At some point, stock market is going to hit bottom. People that have got their money in the market. Usually, unfortunately, it's the middle class people. They just don't know any better, don't understand the boom-bust cycle. They're trying to keep their house. They're trying to keep their car payment. What are they doing? They're selling their stocks. They're selling their crypto at a loss as the market goes down because they're trying to pay their bills and then this stuff craters and then all those people are out of the market and all of those people with money (the "rich" people if you will that the leftists and the socialists always demonize) because they understand this and this wisdom gets passed down onto their families just like the Saudis that I mentioned. Their family has been through this many times in the decade.

So you wait for it to crash and then you get it for pennies on the dollar and then you sit and you wait and then the Fed will lower the rates and then slowly over the many years, the economy will start going back up and it will blow another bubble up and they'll go "We've got inflation again. We've got too much inflation." And what happens? Just what's going on right now.

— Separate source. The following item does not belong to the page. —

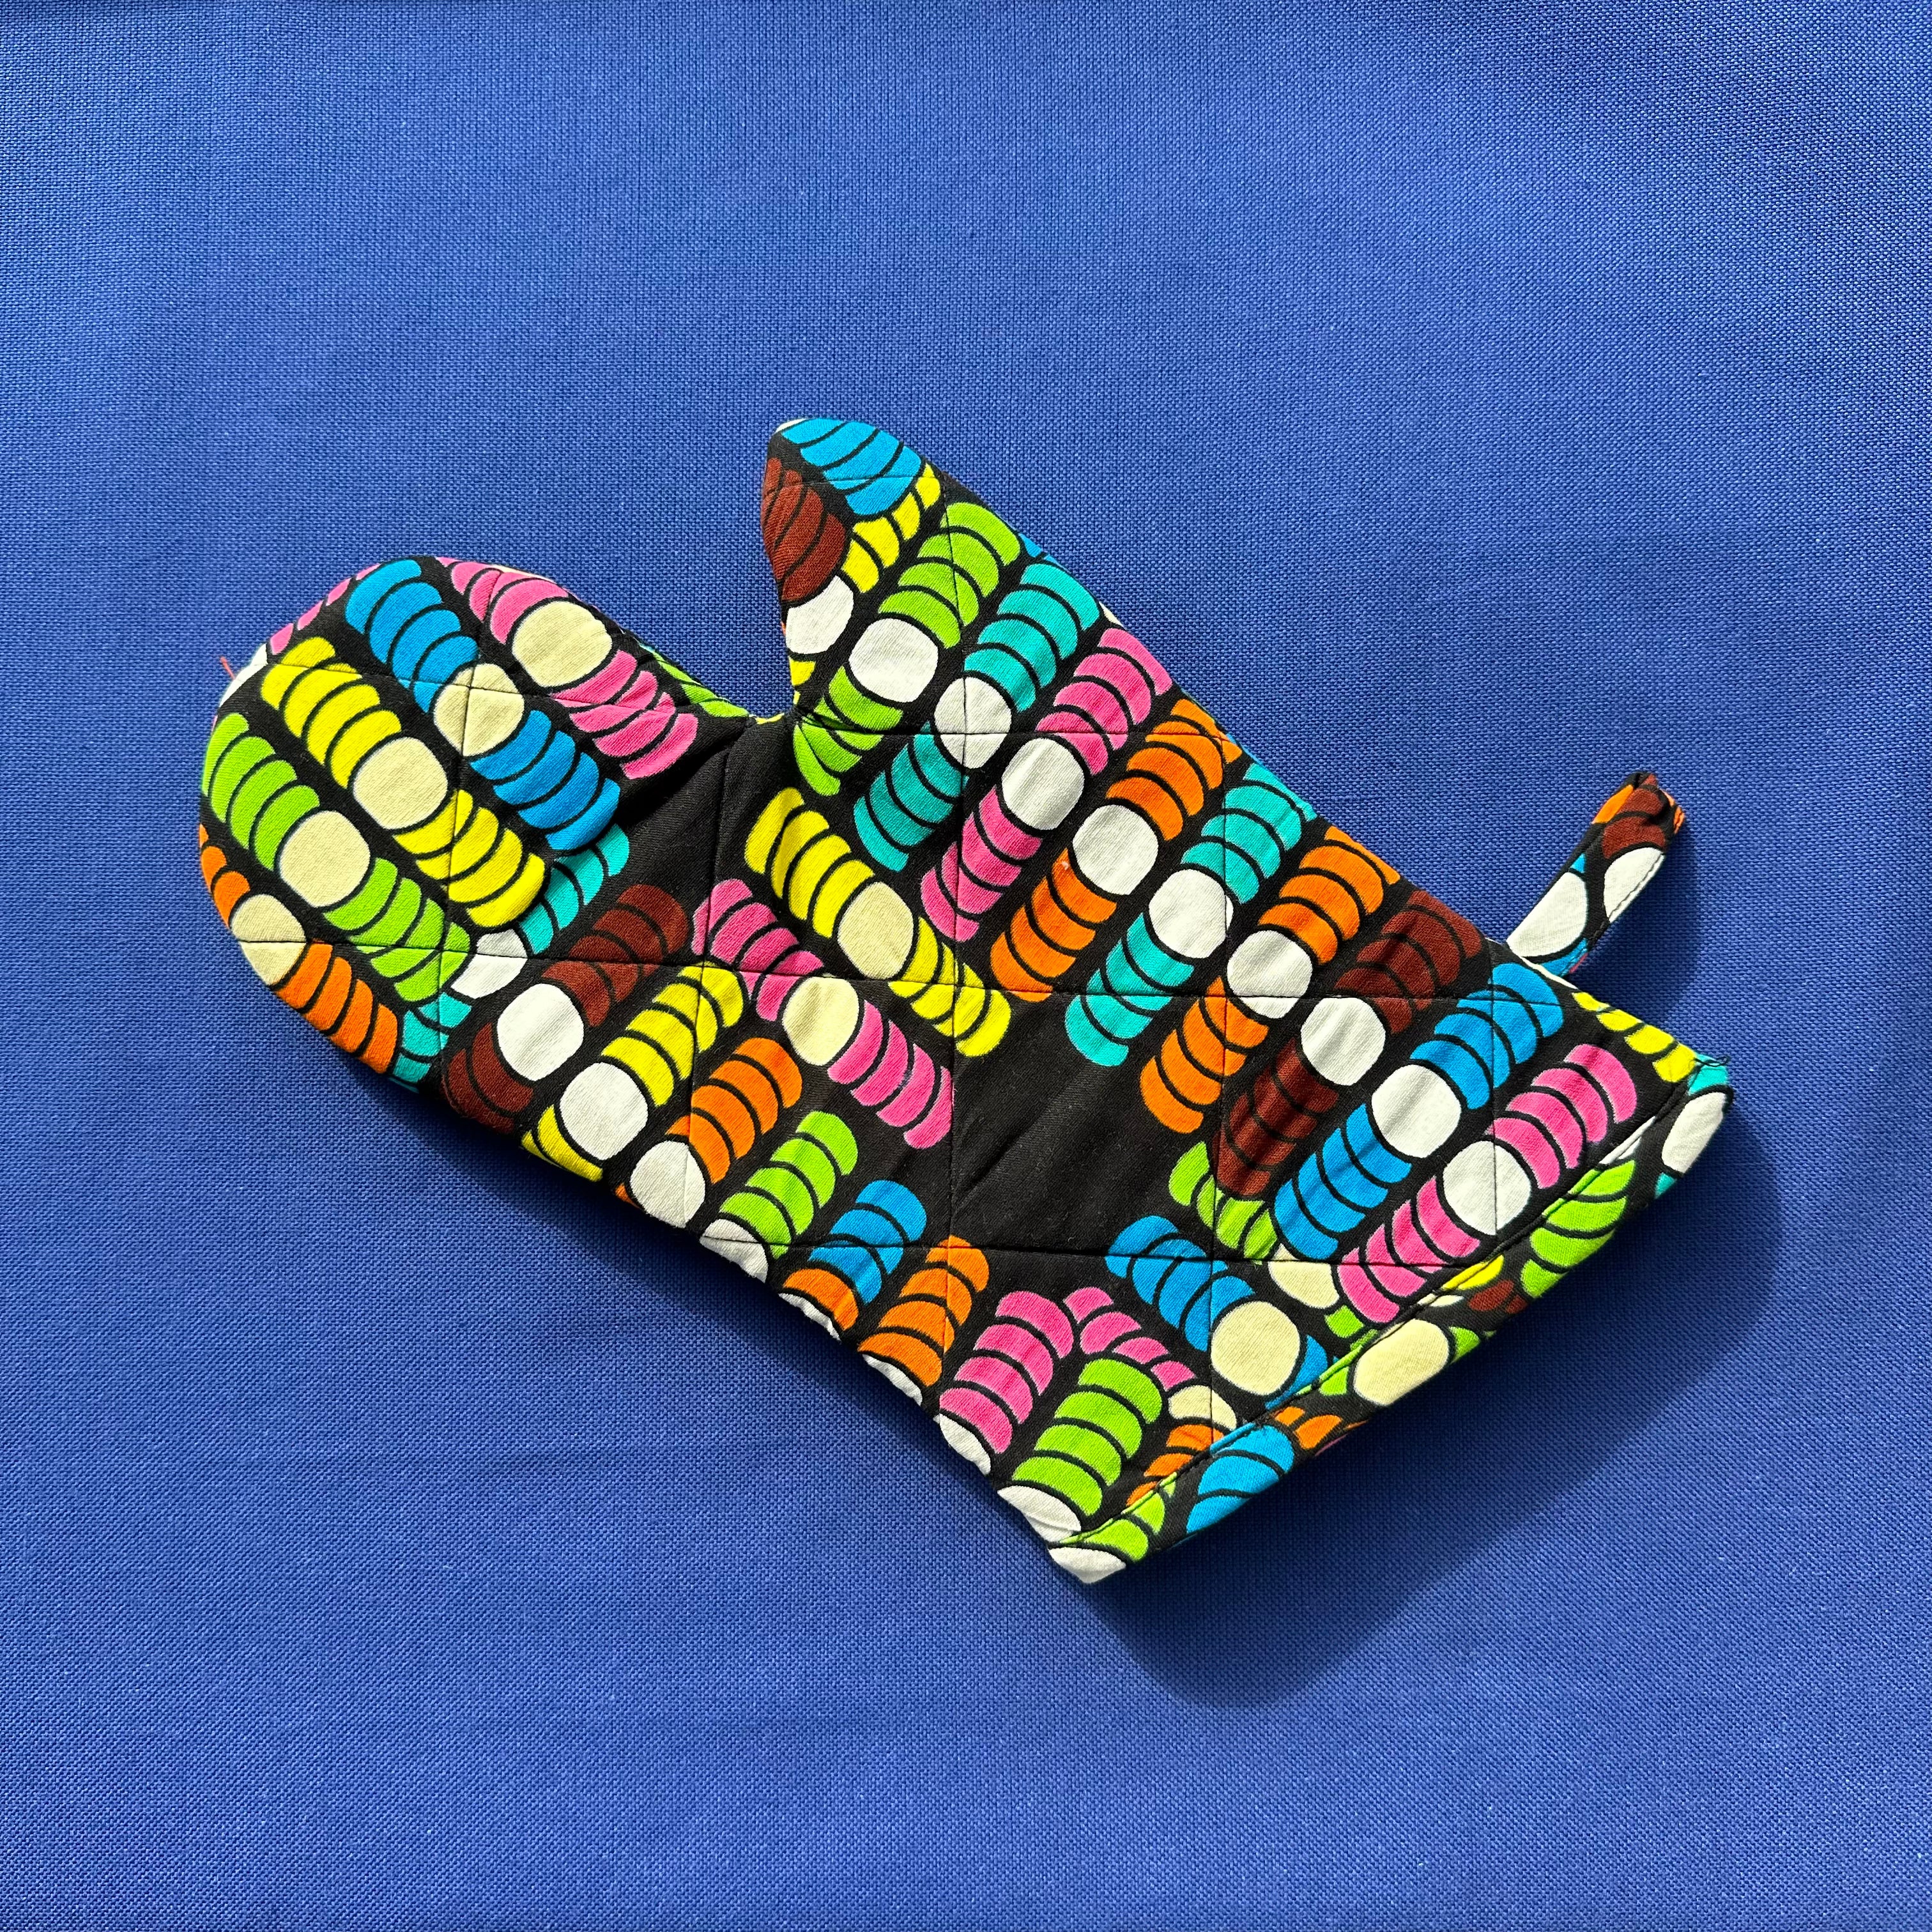 Display of rainbow dotted oven mitt

And this cycle takes about 10-12 years. In the early 90s, you had the SNL crisis which was things that happened from when Reagan was in office and then Clinton came into office. Things started recovering slowly and then eventually you had Bush and they continued blowing the bubble and they started pulling back 2004-5-6 which started the dominos falling once again. And then you had the "too big to fails" and you had all of the short sales and all of those things. 3-5 years is where the real estate market will finally crater and nobody is going to want most of the properties and you can pick it up for pennies on the dollar. I'm excited about it. I'm excited about the opportunity that's coming down the road and you guys can profit from it too but you gotta be smart.